# [Given data]
== Segment start ==
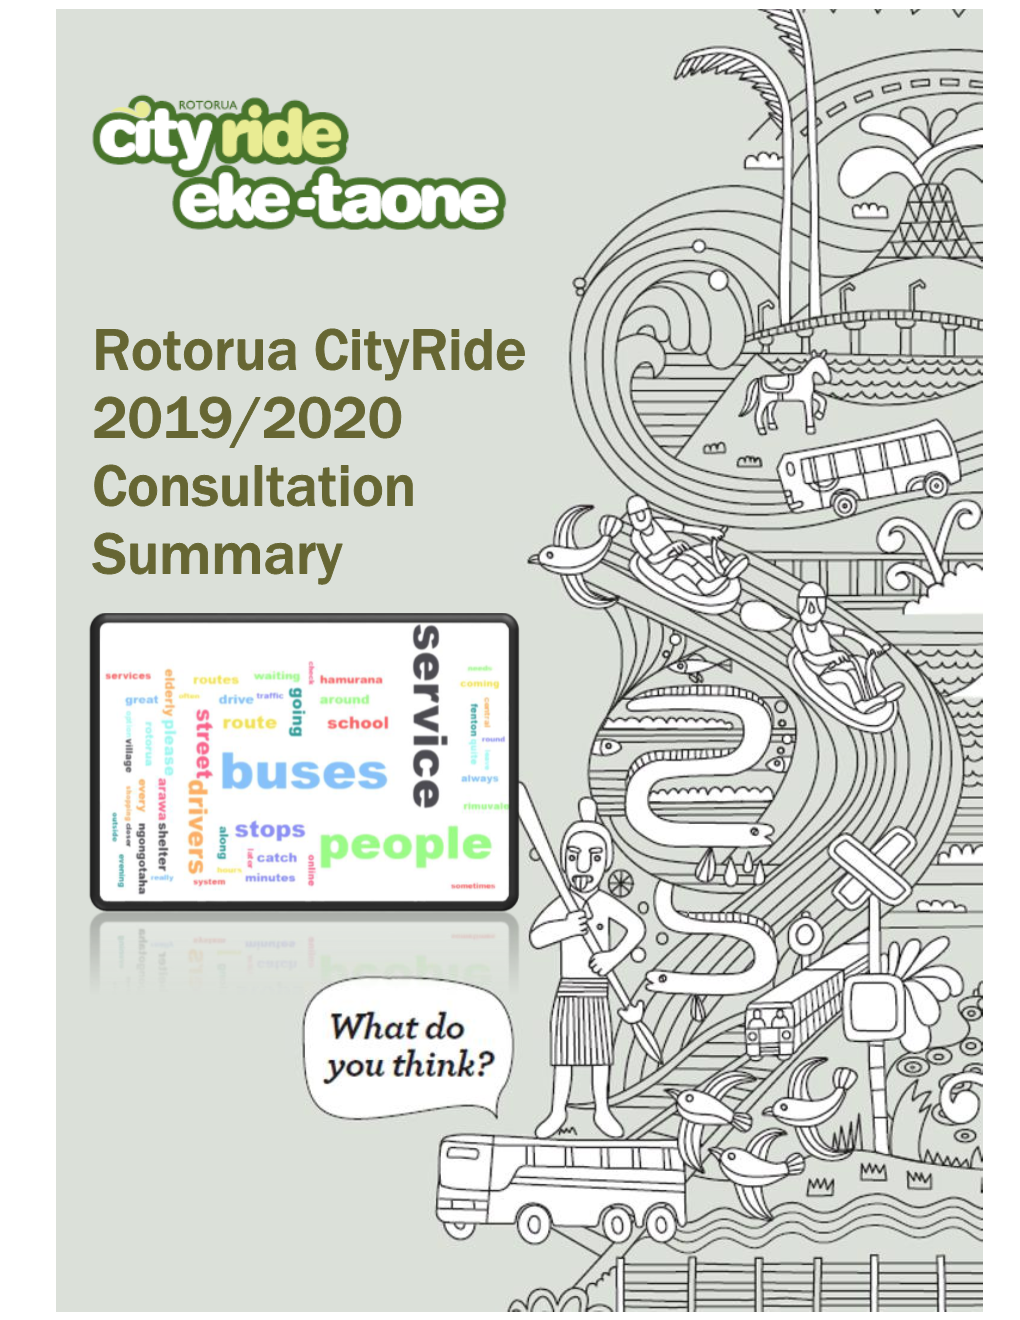 Rotorua Cityride 2019/2020 Consultation Summary
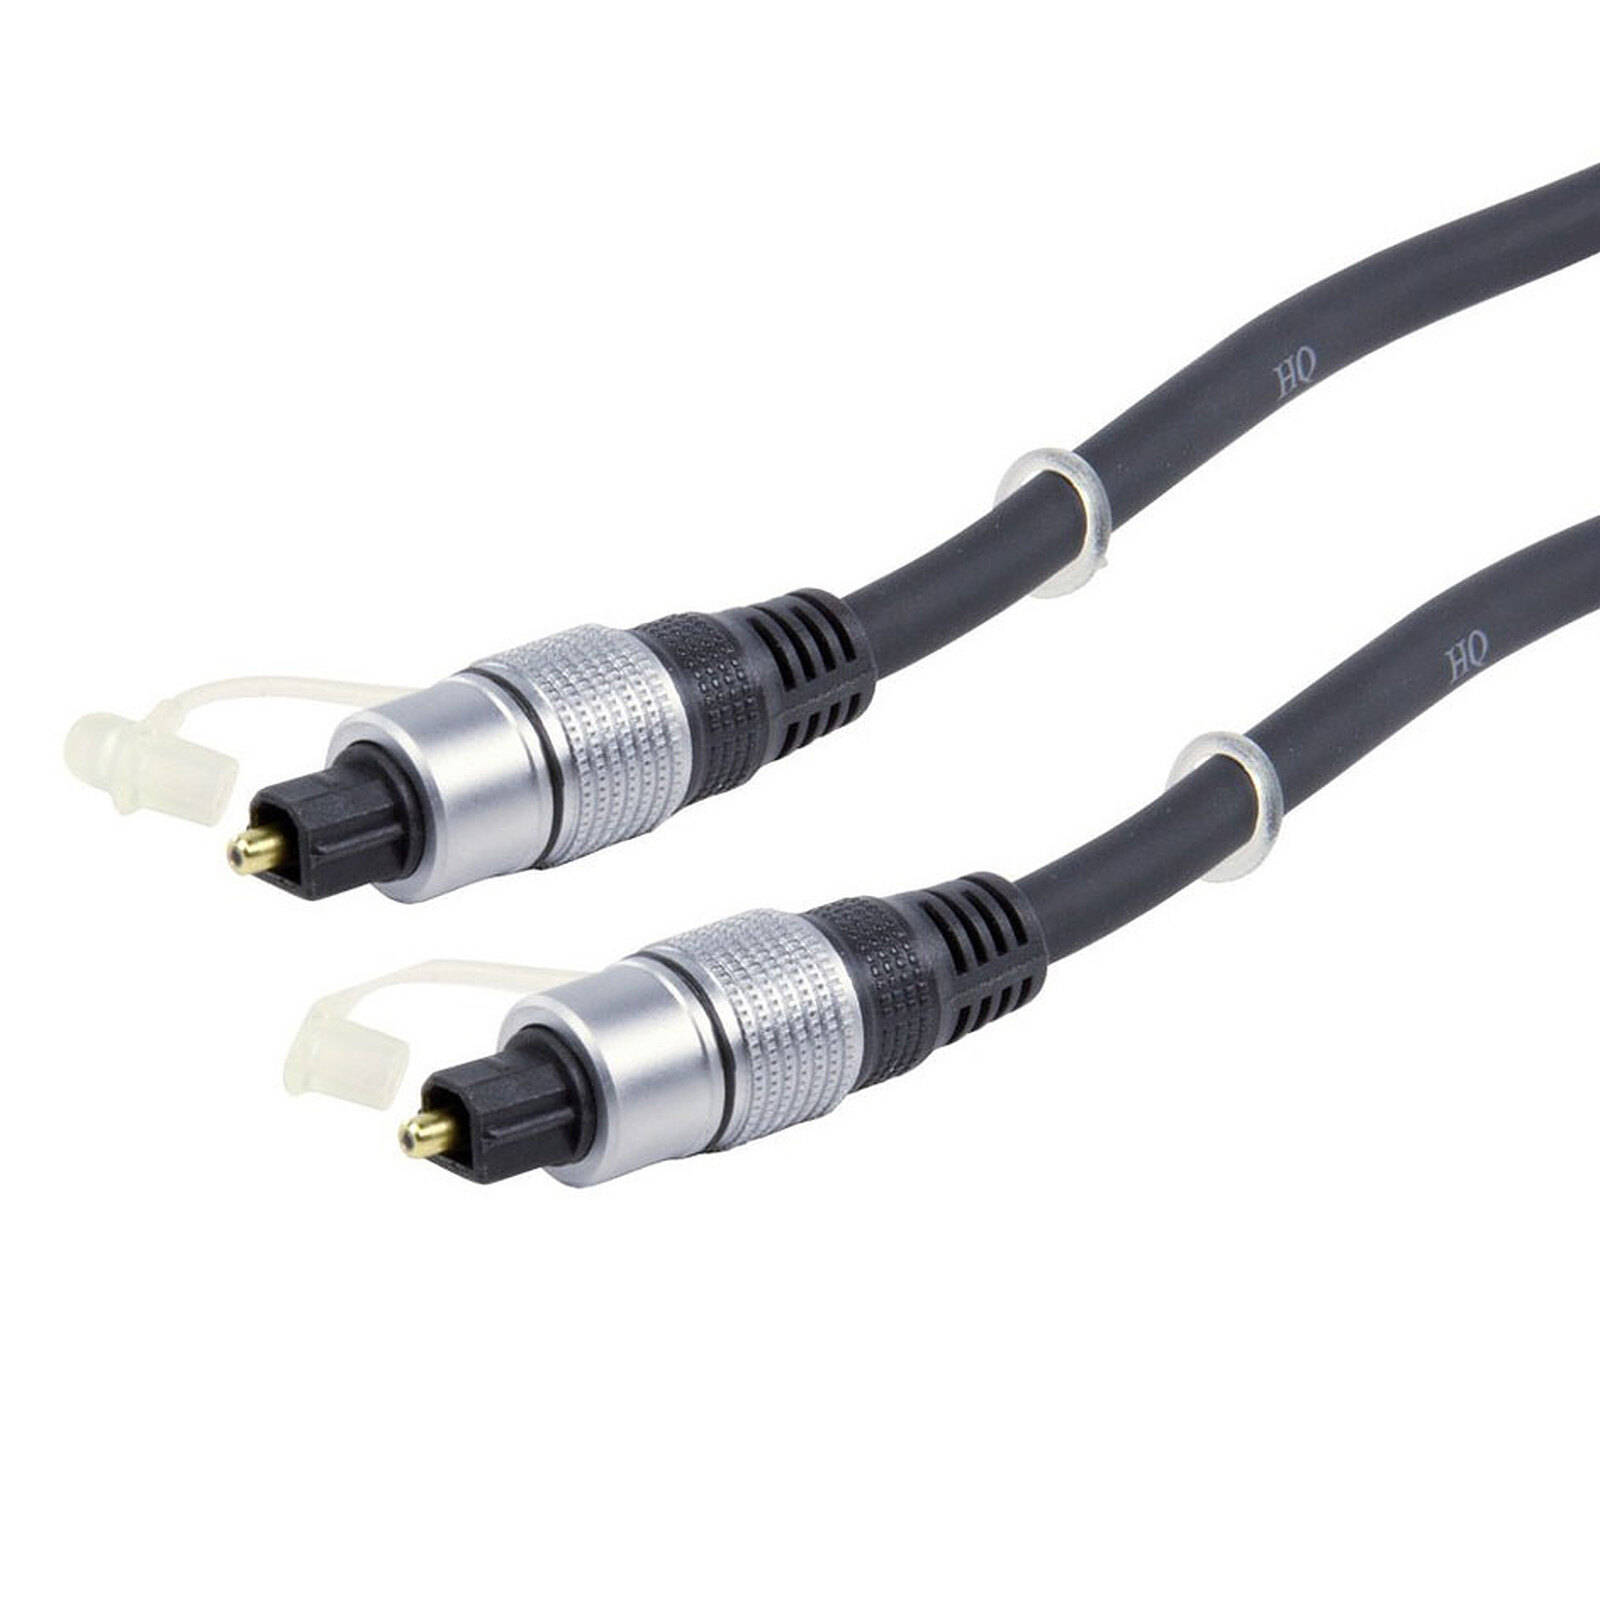 PRO Series TOSLINK vers TOSLINK, câble fibre optique pour home cinéma, PS4, XBOX KabelDirekt 3m câble audio numérique optique/câble TOSLINK 
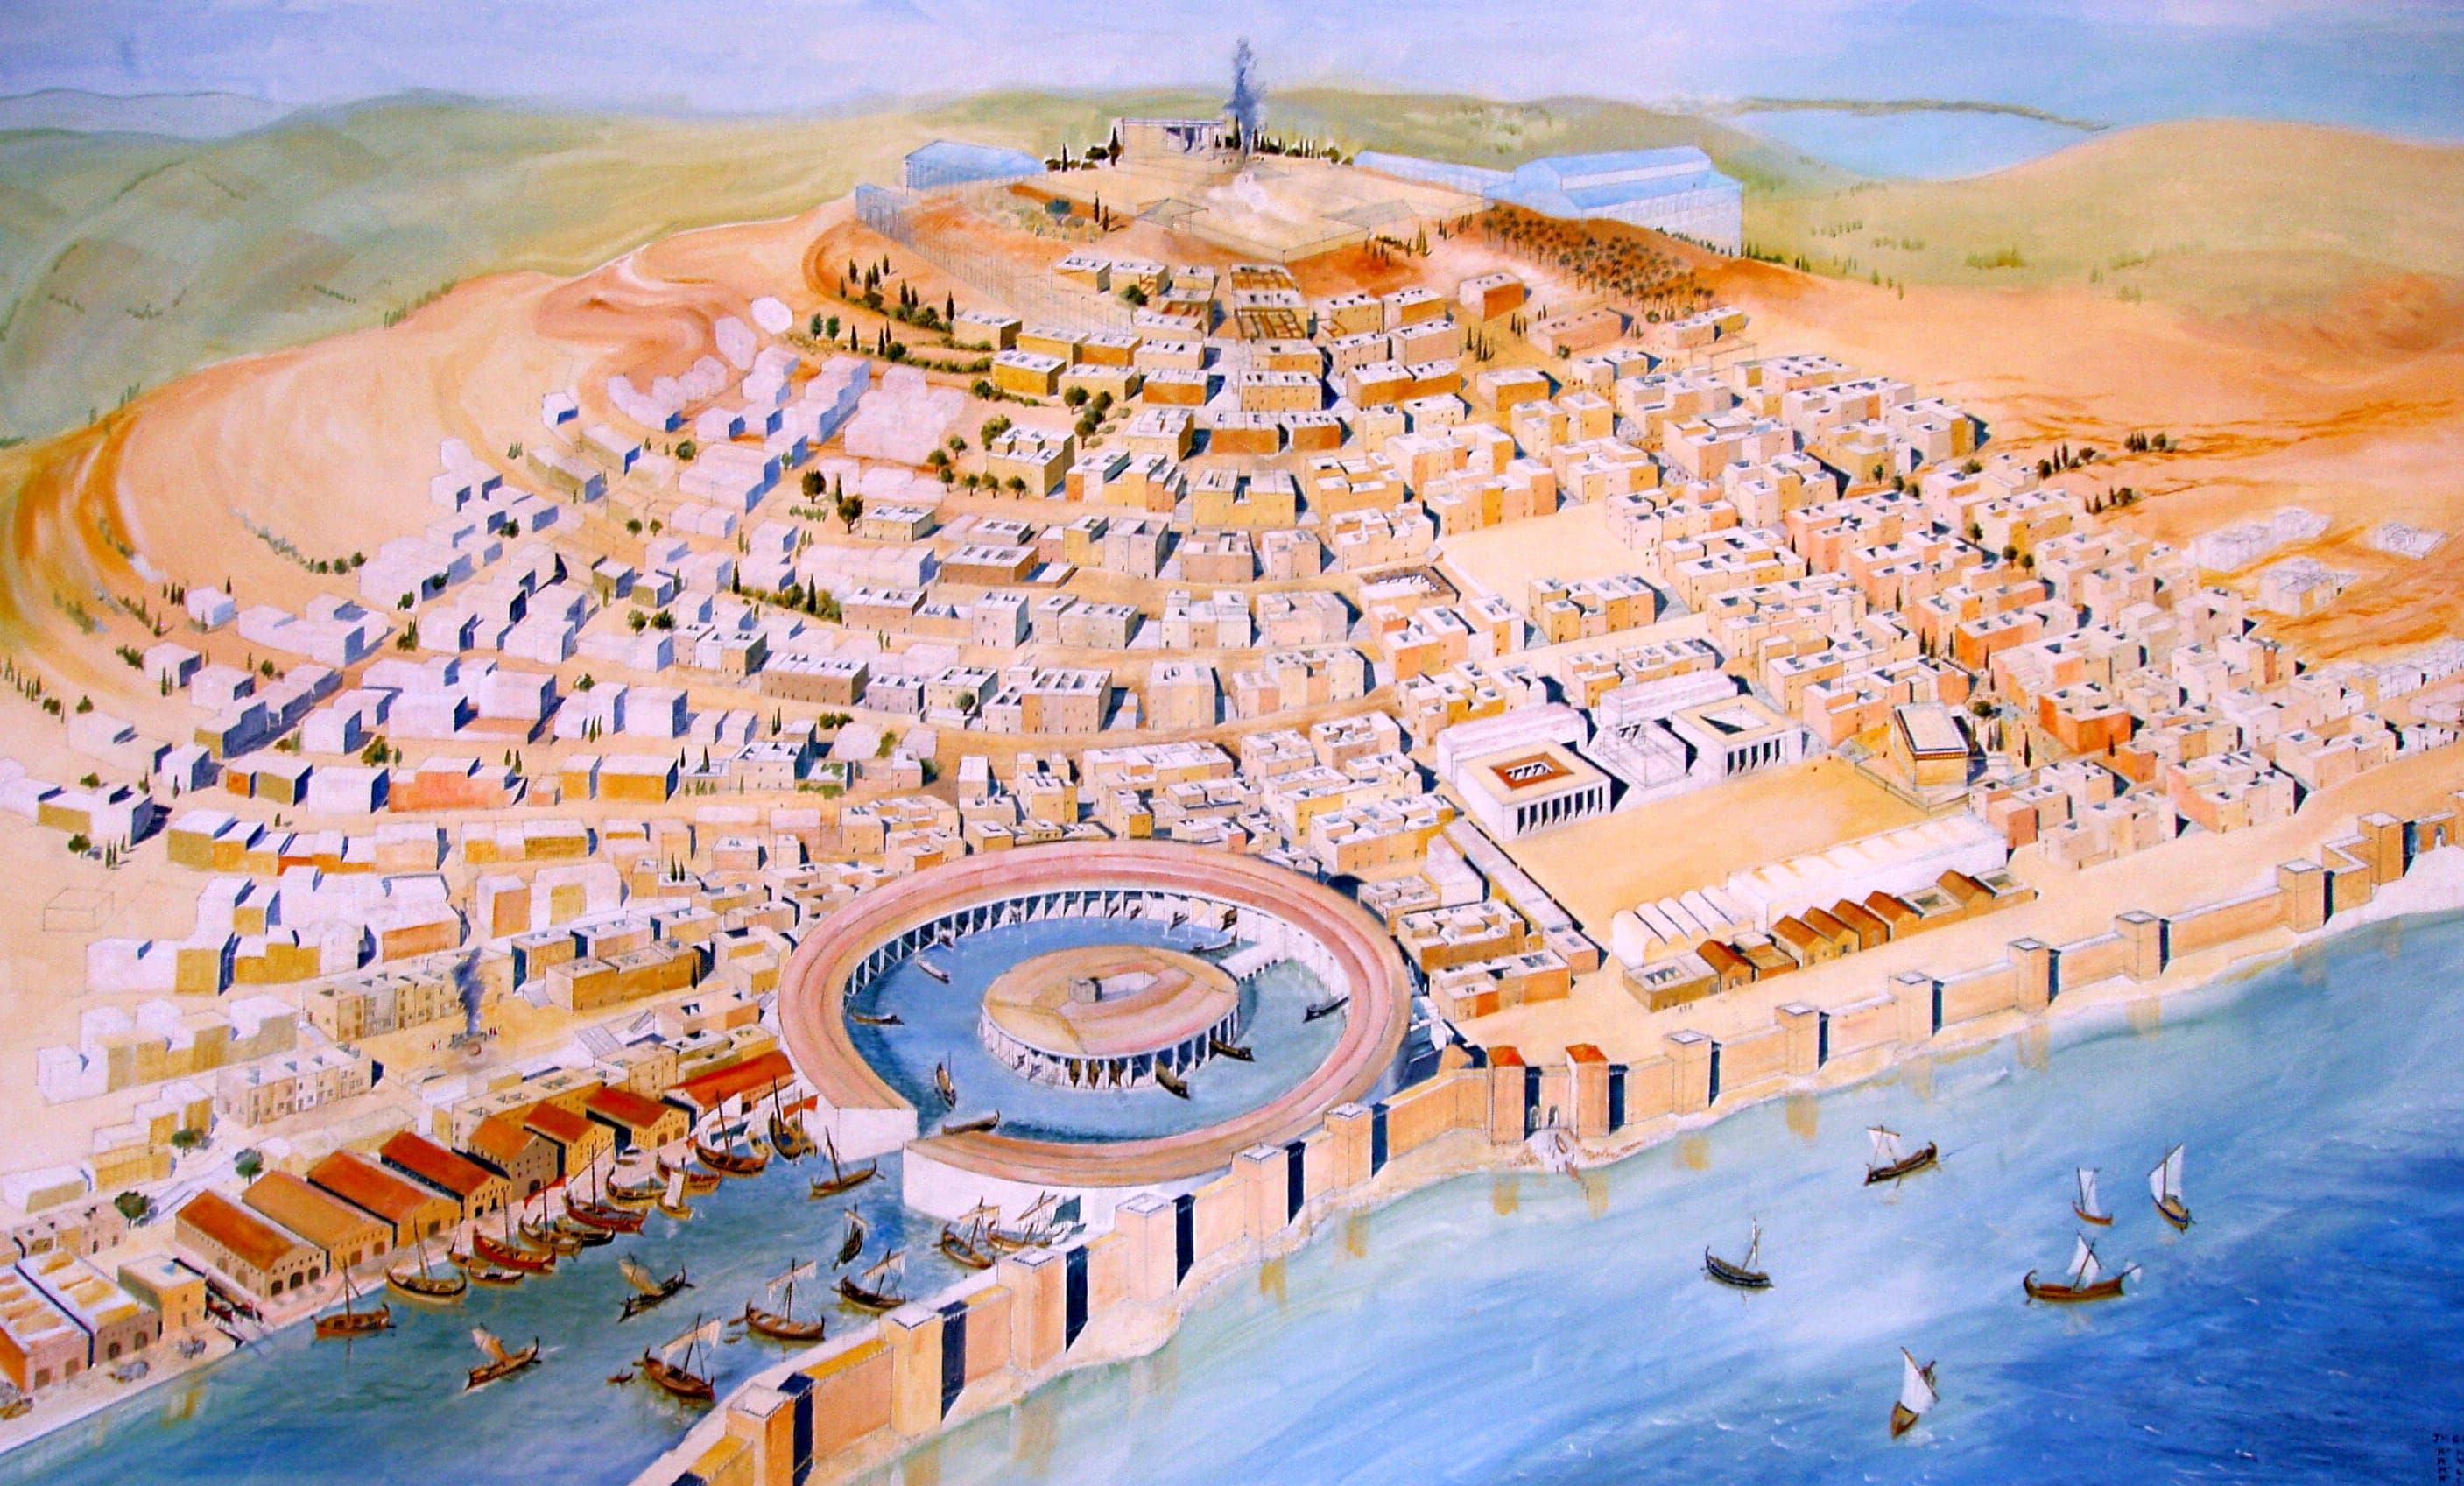 Reconstruction moderne de la Carthage punique. Le port circulaire à l'avant est le Cothon, le port militaire de Carthage, où tous les navires de guerre de Carthage (Biremes) étaient ancrés.
Wiki Commons
== Segment end ==
# [What you need to do]
Extract the run of lines from the line holding "PRO Series TOSLINK" through the final line of the material above, exactly and inclusively. Leave the pictures behind.

# [Answer box]
 PRO Series TOSLINK vers TOSLINK, câble fibre optique pour home cinéma, PS4, XBOX KabelDirekt 3m câble audio numérique optique/câble TOSLINK 
 Reconstruction moderne de la Carthage punique. Le port circulaire à l'avant est le Cothon, le port militaire de Carthage, où tous les navires de guerre de Carthage (Biremes) étaient ancrés.
Wiki Commons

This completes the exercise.